There are said to be several hundred fluent speakers and several thousand others who can speak some of the language.


  • Dydh da. Hello.
  • Kernow a'gas Dynnergh. Welcome to Cornwall.
  • Ha sos. 'Right mate.
  • Myttin da. Good morning.
  • Dohajydh da Good afternoon
  • Gorthuher da Good evening
  • Fatla genes? How are you?
  • Pur dha, meur ras. Very well, thanks.
  • Da lowr, meur ras. Ok, thanks.
  • Ha ty? And you?

Mr Eustice said: "When I went to school I studied Latin and I never bumped into anyone in a pub who would talk to me in Latin.

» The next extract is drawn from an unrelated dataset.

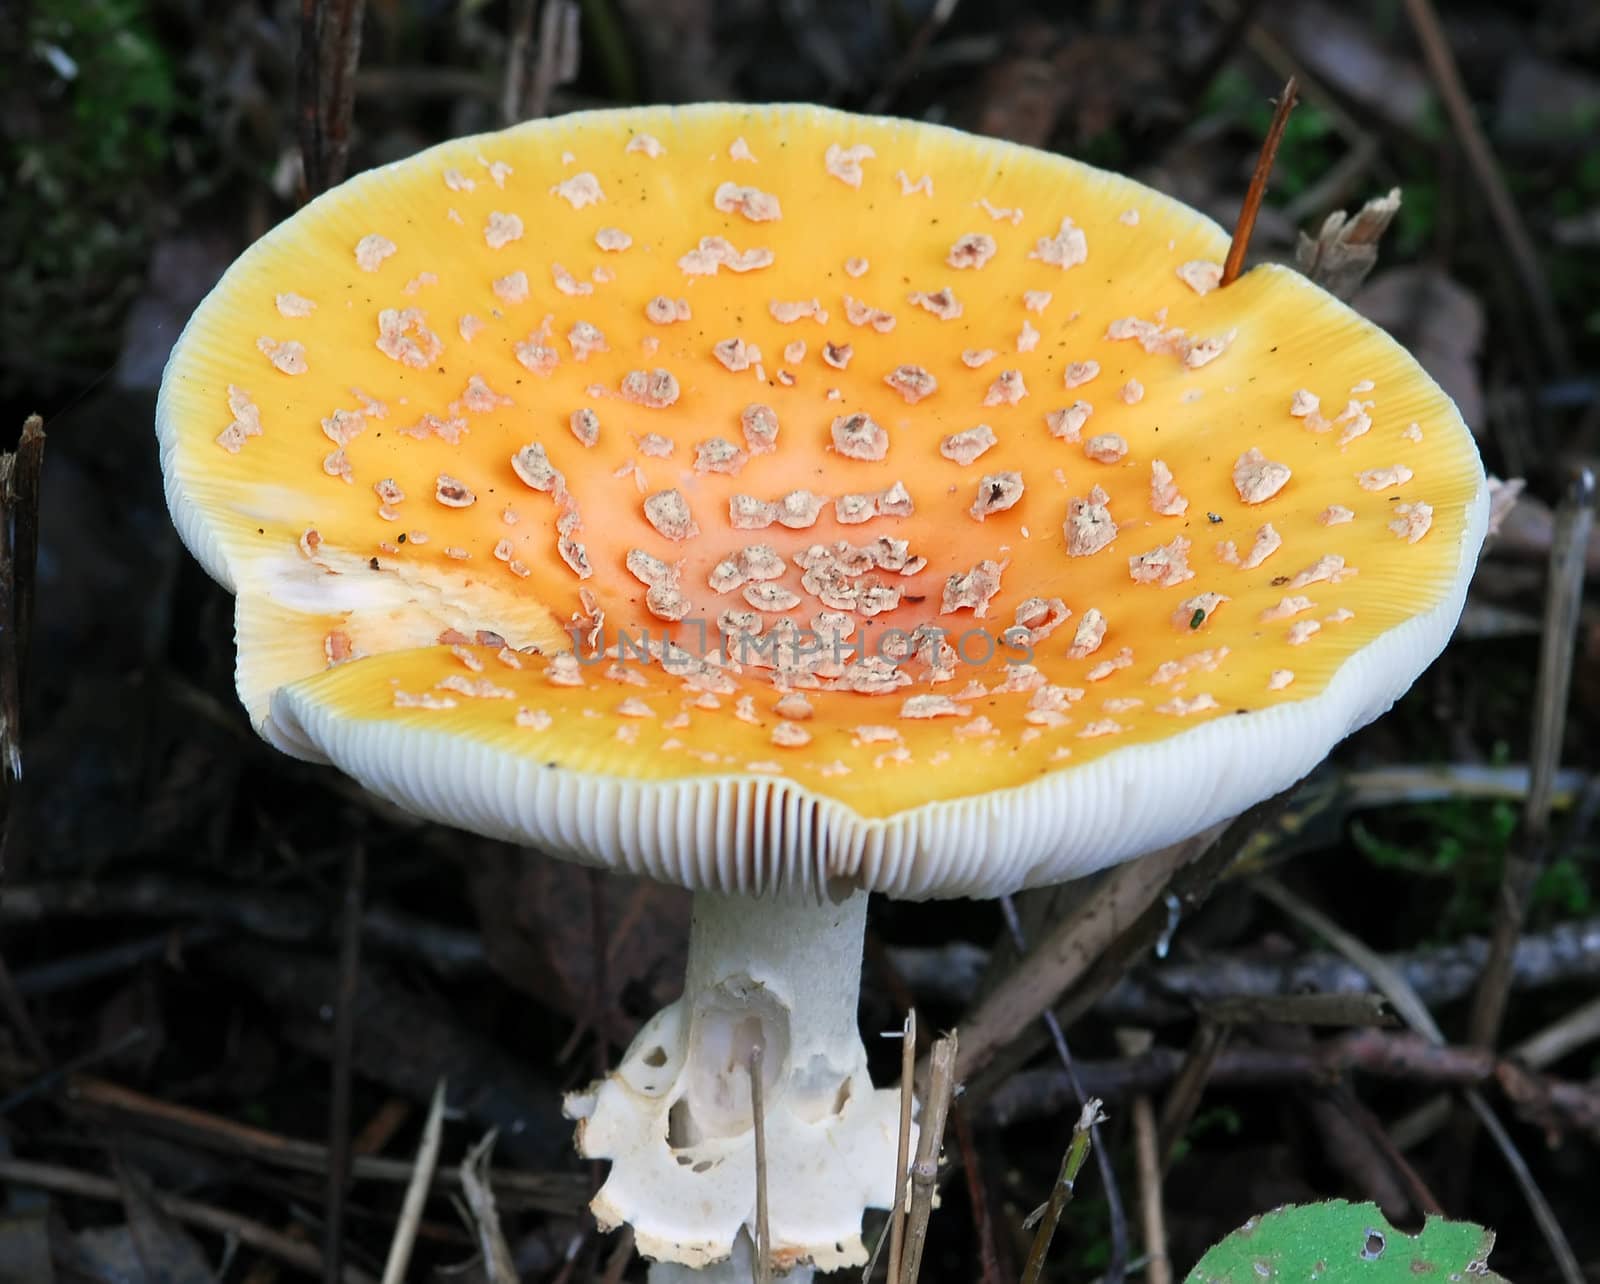 A close-up picture of a wild orange mushroom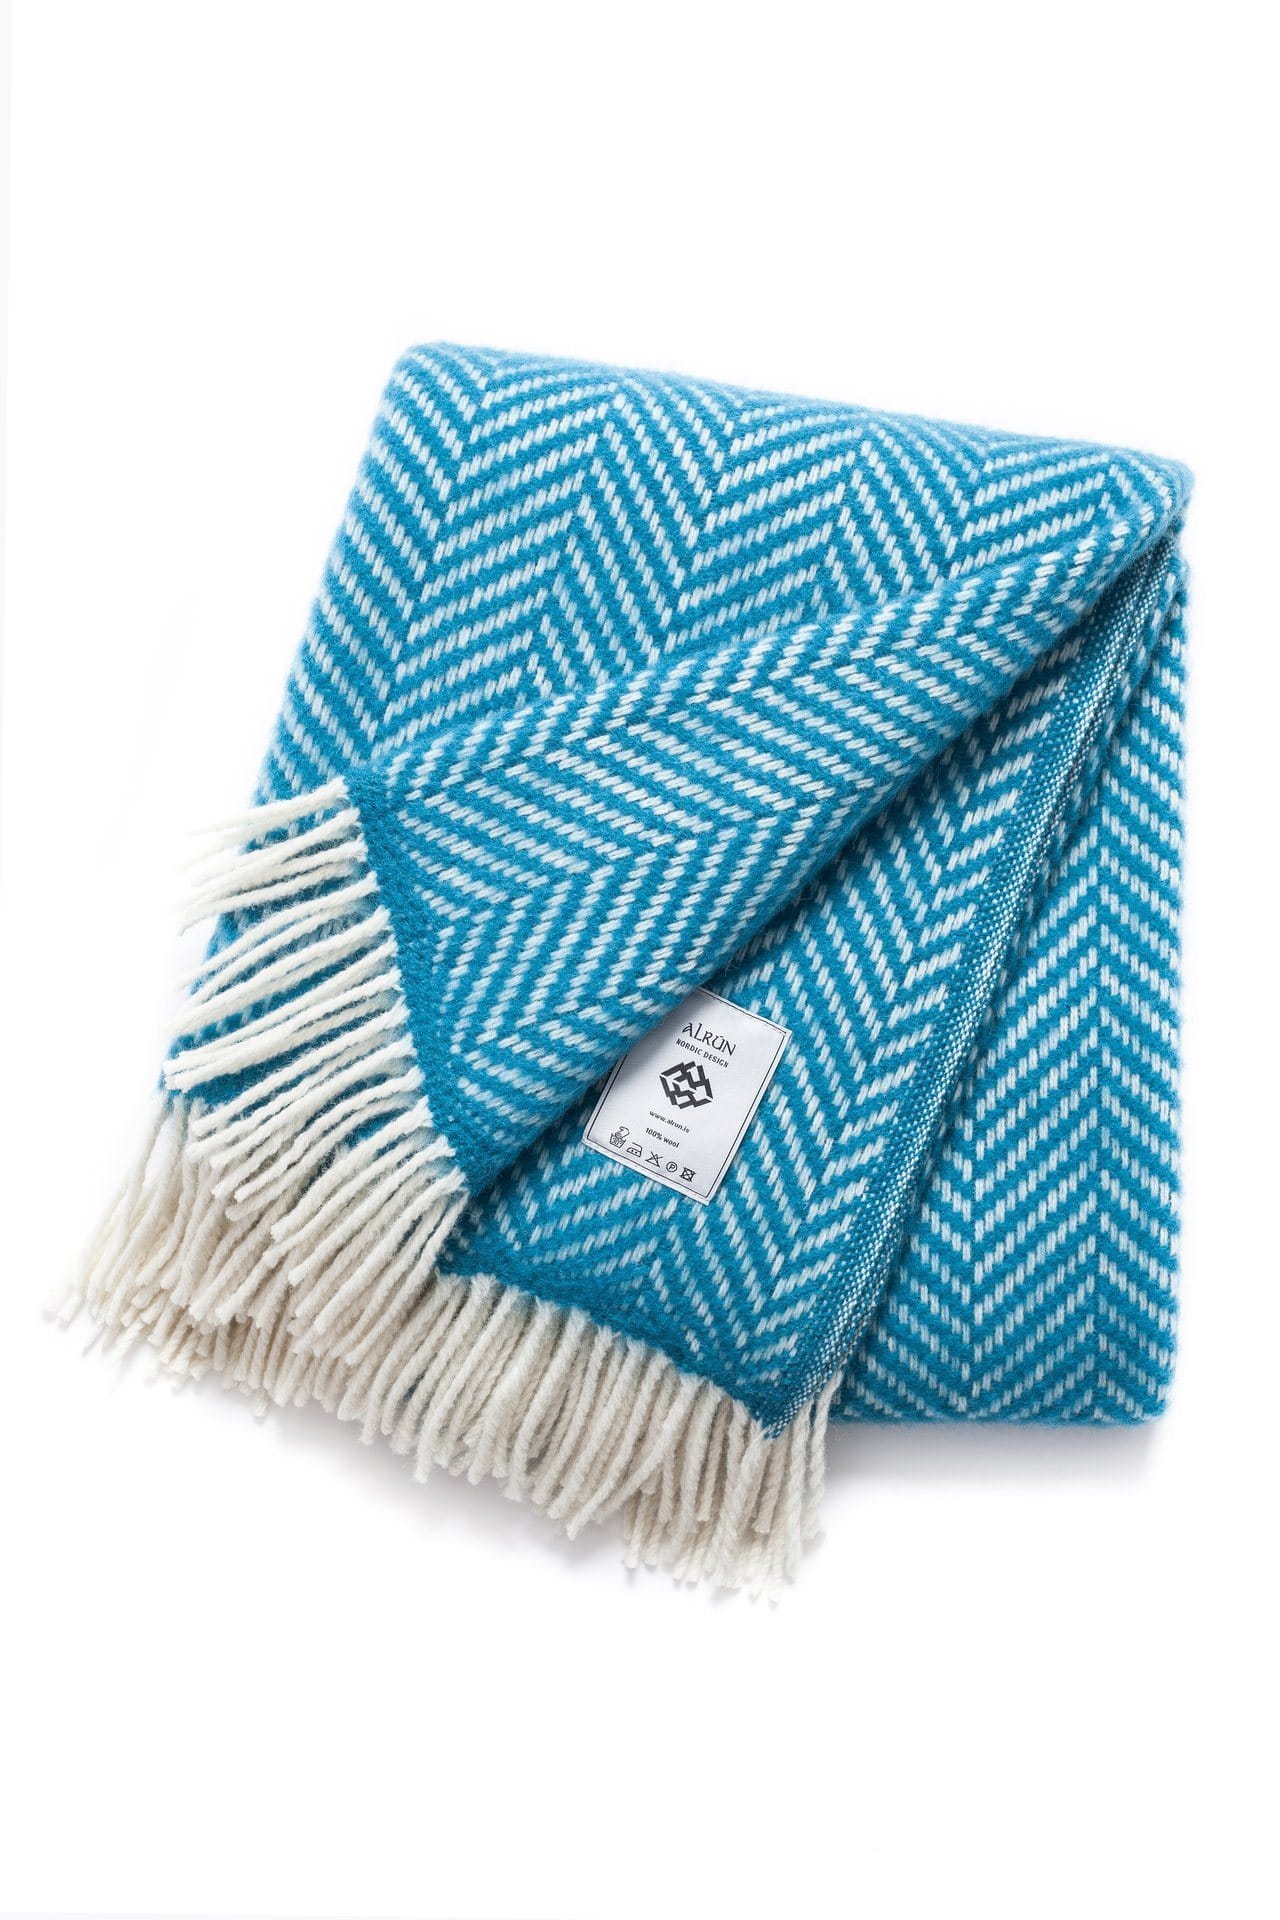 Nordic Herringbone blanket - Turquoise - icelandicstore.is

"Many of the best schools in this country do teach some of those old redundant languages like Latin for the very good reason that children benefit not just from the language but also by having their mind stretched.

"It improves cognitive ability and as the best schools teach Latin why not have the great schools here in Cornwall teaching Cornish?

"It doesn't matter that it's not used in everyday parlance."

English teacher Amy Ireland said: "Having a language on your CV is really important so I think Cornish would be just as important as any other you can learn."

Mr Eustice has approached the Welsh Examination Board which offers a GCSE in that language about offering an exam in Cornish as there are similarities between the languages.